Transport Canada defines distracted driving as what happens “when a driver’s attention is taken away from the driving task because they are focused on something else.”
Distracted driving isn’t just about cell phones. Think of what you see each day as a professional driver—people eating, drinking, shaving, applying makeup while driving. In other areas of our lives, doing two or more things at once is called multi-tasking; many people consider it a special skill. But it’s not and doing it behind the wheel is a bad idea.
The truth is, our brains are not meant to do more than one thing at a time. A Stanford University study found multi-tasking is actually less productive than doing one thing at a time. The research showed when people are regularly overloaded with information, especially electronic information, they cannot pay attention, recall information, or switch tasks as well as those who complete one task at a time.
Those who think they have a gift for multi-tasking are just kidding themselves. The Stanford study compared people based on how much they multi-task and their belief that they perform well. The results showed that heavy multi-taskers were actually worse at multi-tasking than those who preferred to do one thing at a time. It also showed multi-taskers had more trouble getting organized and filtering out unnecessary information and were slower at switching from task to task.

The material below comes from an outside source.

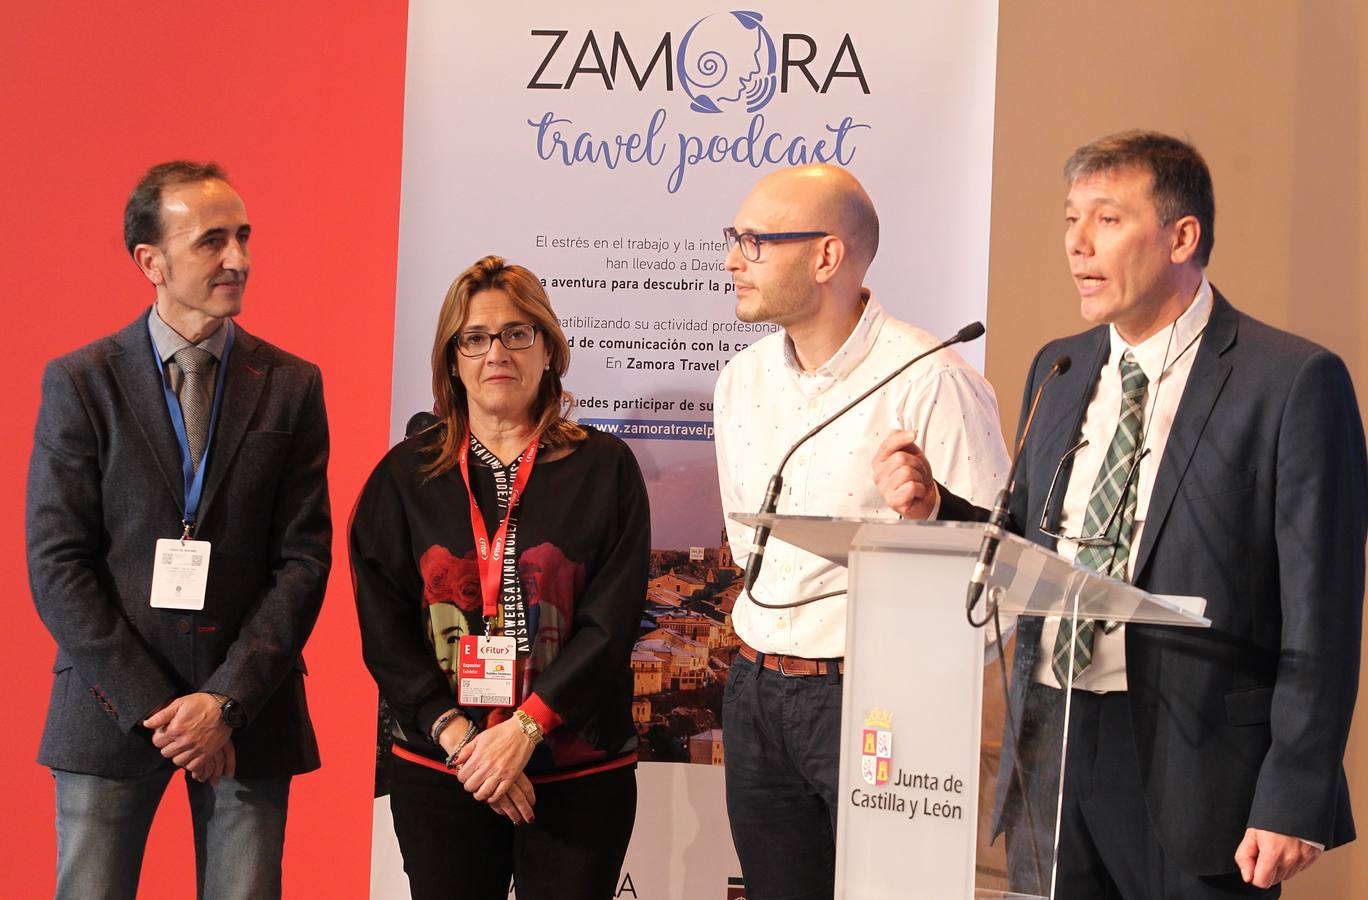 La presidenta de la Diputación de Zamora, Marte Martín Pozo, presenta la oferta turística de la provincia.

Additional research at the University of London showed multi-tasking actually lowers IQ. They studied people multi-tasking during activities that require thinking and found men lose about 10 IQ points while they multi-task (women are less affected). At first, the research suggested this effect was temporary, but new research by the University of Sussex found that heavy multi-taskers have less brain density in the area of the brain responsible for understanding, empathy, and emotional control.
Professional drivers become so good at frequent driving tasks they don’t have to think about doing them, such as using the turning indicator or checking mirrors before changing lanes. You do it without conscious effort. But if you add another task—talking on your phone, listening to your GPS, eating—you put pressure on your brain to keep the automatic processes going plus do the other things. The more pressure you apply, the more errors you’ll make and the less ability you’ll have to perform the task well.
Clearly, multi-tasking behind the wheel—or driving while distracted—is not a good practice. Just driving requires a lot from your brain—it’s busy understanding your surroundings, coordinating your movements, remembering related experiences, and analyzing options for things that could happen.
The need to pay attention keeps your prefrontal cortex active while you drive. That section spans both sides of the brain, which work together to keep you focused. But when you divide your focus, you force the two sides to work separately. You lose focus; you’re distracted.
Doing two or more things at once makes your brain switch its attention frequently. The more you multi-task, the more difficult it becomes to focus on one thing. When you lose focus, getting your mind back on track takes time. When you’re steering tons of machinery down a road at 80 kph, taking five seconds to look at your phone and then refocus is like driving the length of a football field blindfolded.
In BC, distraction causes 27% of annual traffic fatalities—that’s 81 deaths. Speeding causes 94 deaths and impaired driving 78. Research has shown that you lose 50% of your awareness when you talk on a cellphone while driving and are five times more likely to crash. In a 2015 Ipsos survey, 90% of BC drivers surveyed rated texting as more dangerous than drinking and driving but 20% of them admitted doing it. Apparently, people think only other people are dangerous when they drive distracted.
Know the brain’s limitations. Don’t multi-task behind the wheel.